Wednesday, June 3, 2009

maybe.just maybe.


so, i was just walking up my stairs, and i'm pretty sure i had an epiphany.

i stopped midway up...and it all just sort of hit me at once.

completely out of the blue.

"robyn," (i said to myself) "you've been looking at this the wrong way, all along..."

i've got to preface this cerebral vomit i'm about to spew, with this; i think this little light[bulb] of mine, may have been instigated by a text i received earlier from a friend<--link...the "thought for today," as she often sends me, this one read:

"The greater the obstacle, the more glory in overcoming it."-Moliere. Often times than not, we see obstacles as a bad thing, instead of what it really is...a source of motivation.'

so i said, "robyn, you've been looking at this the wrong way, all along...all along, you've equated being single, with being lonely, and thus, you've viewed it in an at least partially, negative light. when in reality, you should be viewing it as a good thing...because, maybe, just maybe you're single for a [GOOD] reason. Maybe, because you're an independent woman [and i don't mean that in a cliche', new age-"i am woman, hear me roar" kind of way...]and you do not allow the fact that you may not always have accompaniment, to stop you from going places, and from doing things...maybe there is a woman, or a young girl that you know, that may look up to that, and you. Maybe she sees you, and knows that it's OKAY to be on your own, and that despite that, it's still completely possible to enjoy, and explore life. Maybe you are an inspiration. Or maybe there's a man, or young guy, that sees you and respects the fact that you are who you are, and can do for yourself, by yourself...maybe he secretly hopes to one day find someone just like you. Maybe, as Andre 3000 once put it, maybe, you are the prototype<--link. Or, or...maybe, you're single for an even BETTER reason. Maybe, God has something so great in store for you [career-wise] that He knows a relationship/family would only serve as a hinderance...an impedance even, to that great thing. Maybe, He wants you to be ready, and have the capacity to focus all of your attention on this one great thing...or, many great things.

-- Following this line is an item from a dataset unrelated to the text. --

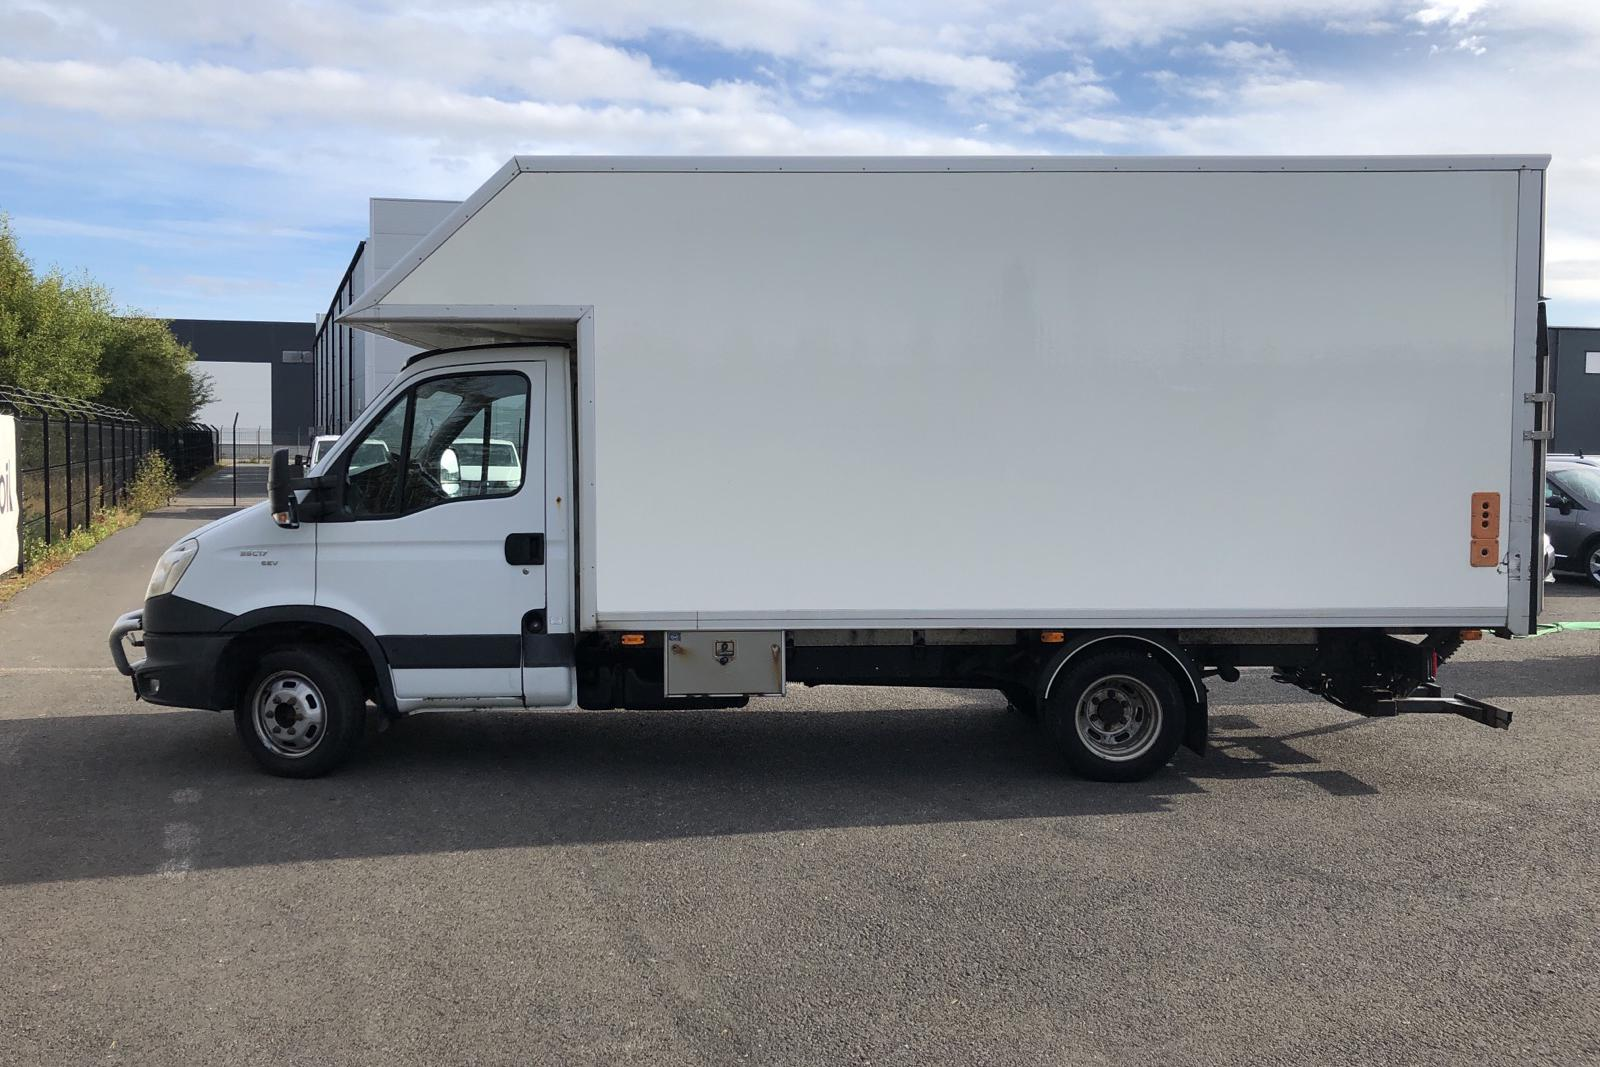 Iveco Daily 35 3.0 HPT EEV (170hk) - 261 690 km - Manual - white - 2012

...robyn, you're not a materialistic individual...but, maybe you have at times harbored some feelings of inferiority, because you're still driving the same car that you've been driving for the past 6 years, while friends and everyone around you, (some even younger than you)are driving new model, luxury cars, fresh off the lot. but, maybe, robyn...you're driving the car that you need to drive, because you have to learn to fully appreciate that car, before God blesses you with the one you want to drive. He's not saying no, He's just saying not right NOW. accept it. embrace it. and know, that a car serves a purpose, it is meant to be a mode of transportation, and is not an indication that you're any less/more successful than the next person. you'll have your day, it is written...and therefore, it is already yours, you just have to be patient and wait for it."

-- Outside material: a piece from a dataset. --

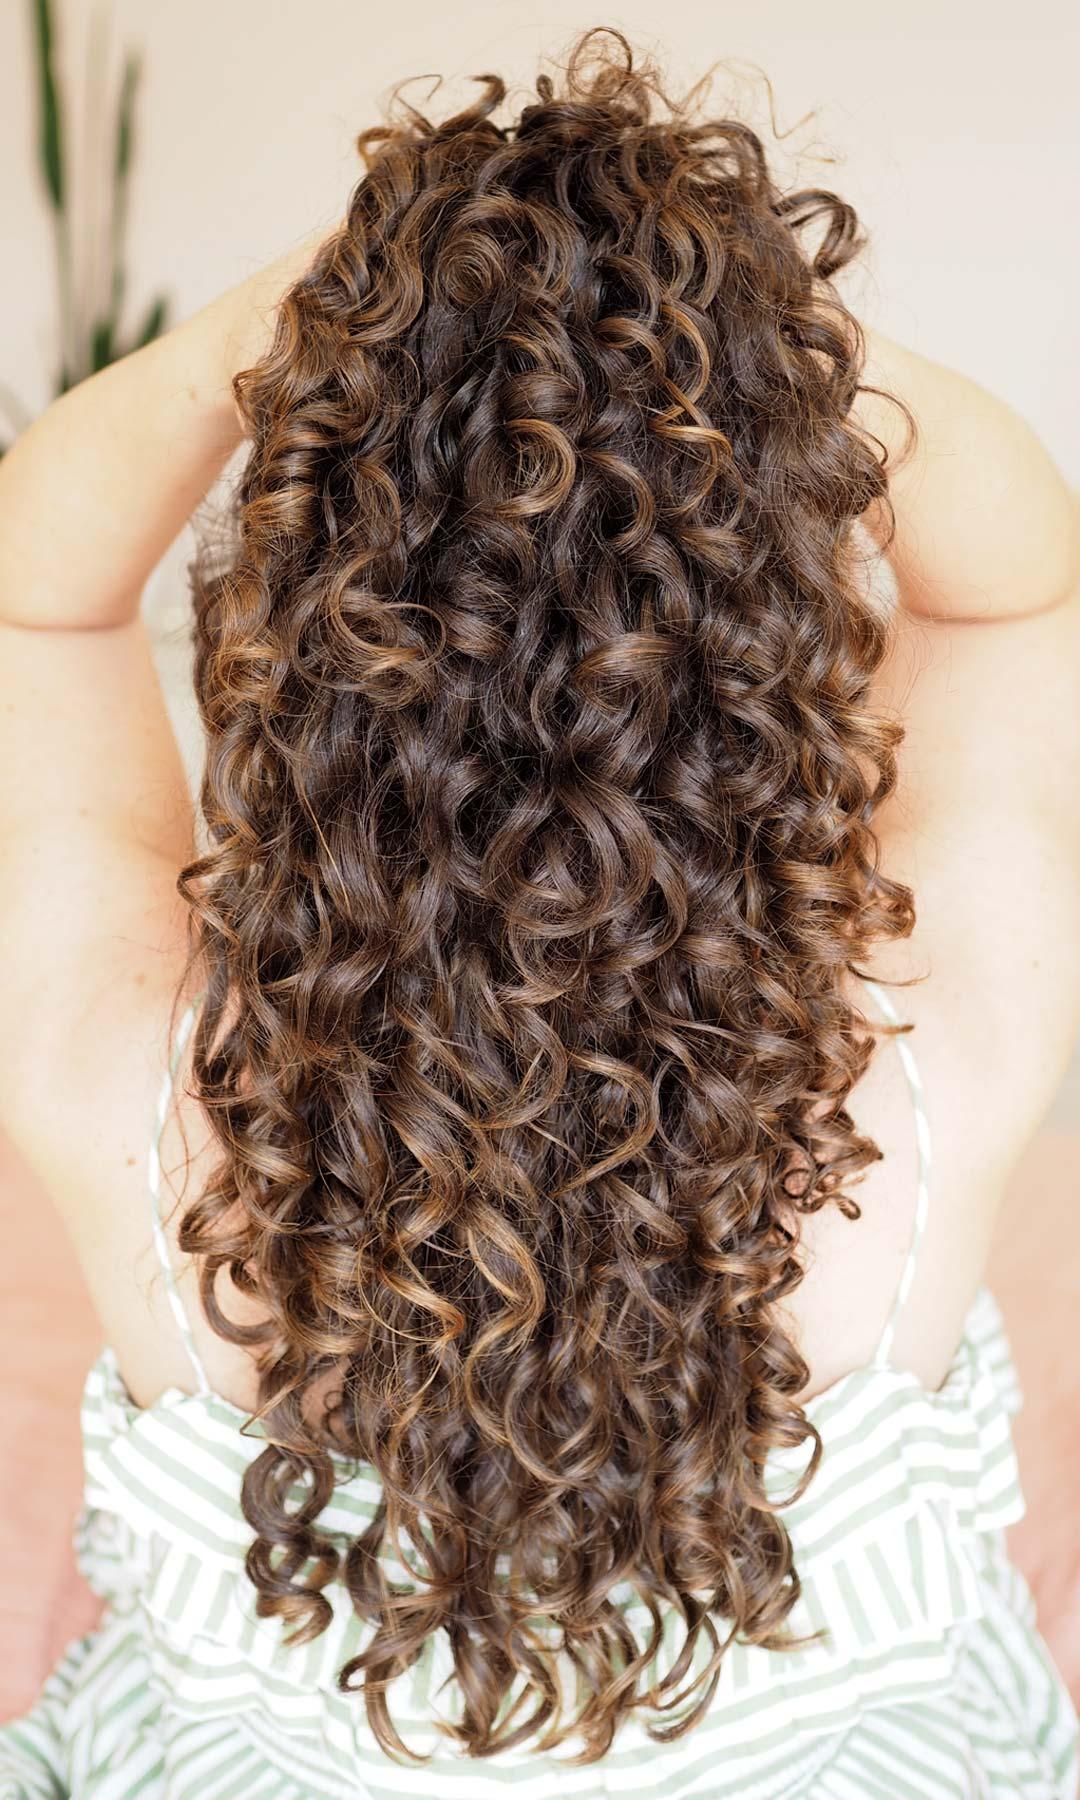 type 3 long curly hair
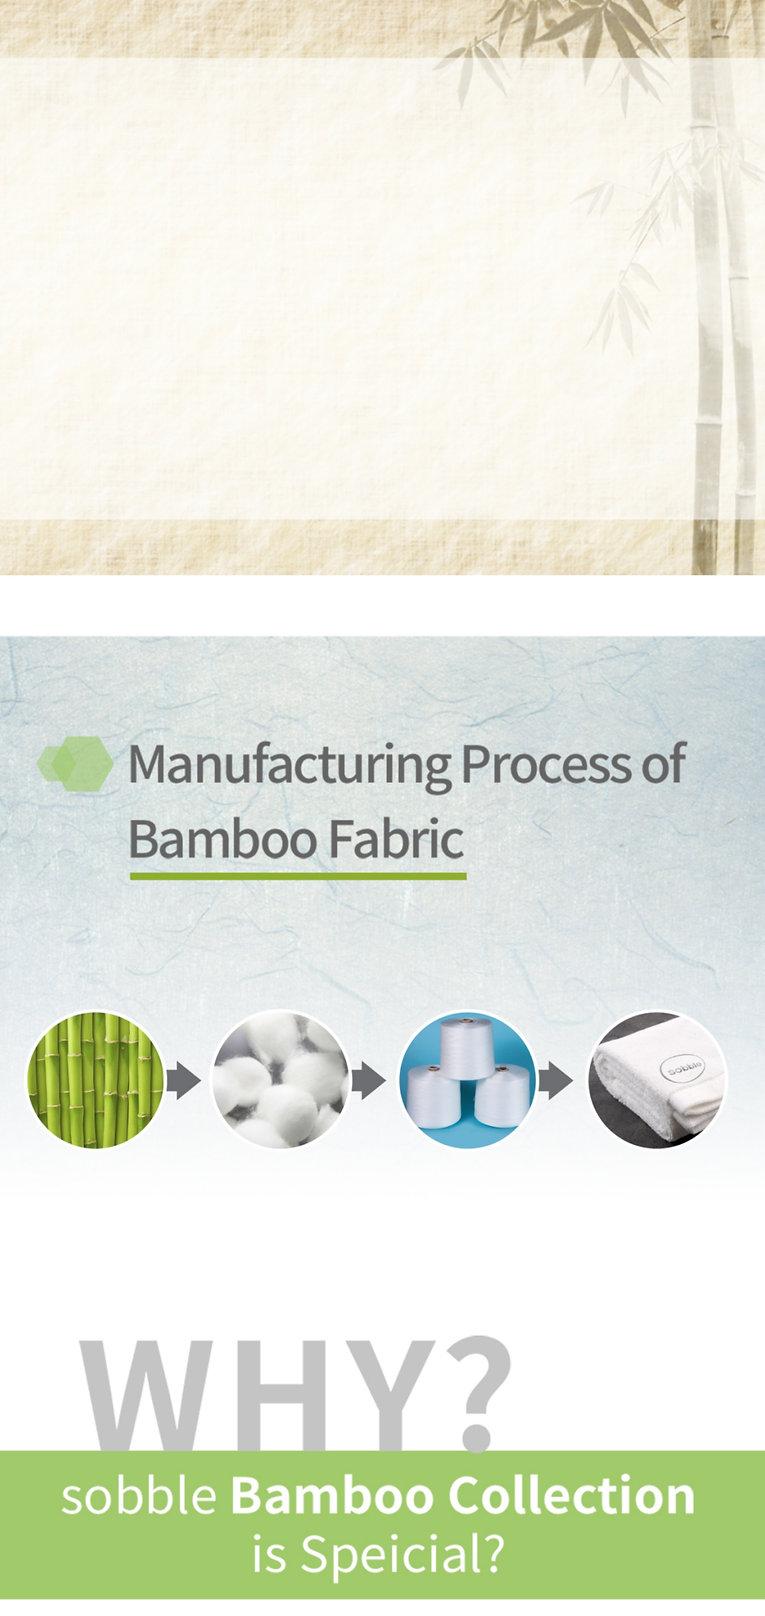 Bamboo robe draft 3.jpg

i can definitely do that...patience is a virtue that i captured a long time ago.

now--maybe a month from now, a week from now, or even an hour from now, i may again be questioning failed relationships, determining and redetermining self worth, and measuring success, but in this moment, this moment right here, right now, maybe, just maybe, i finally understand the imperfect perfection, that constitutes all that is me, and all that is my life...

that's all for now, but stay tuned, after these messages, i'll be riiiight back...

rm'wah.

1 comments:

  1. thanks for sharing your epiphany; it made me feel better about things in my life, and makes me look at them in a different light--if only for this moment.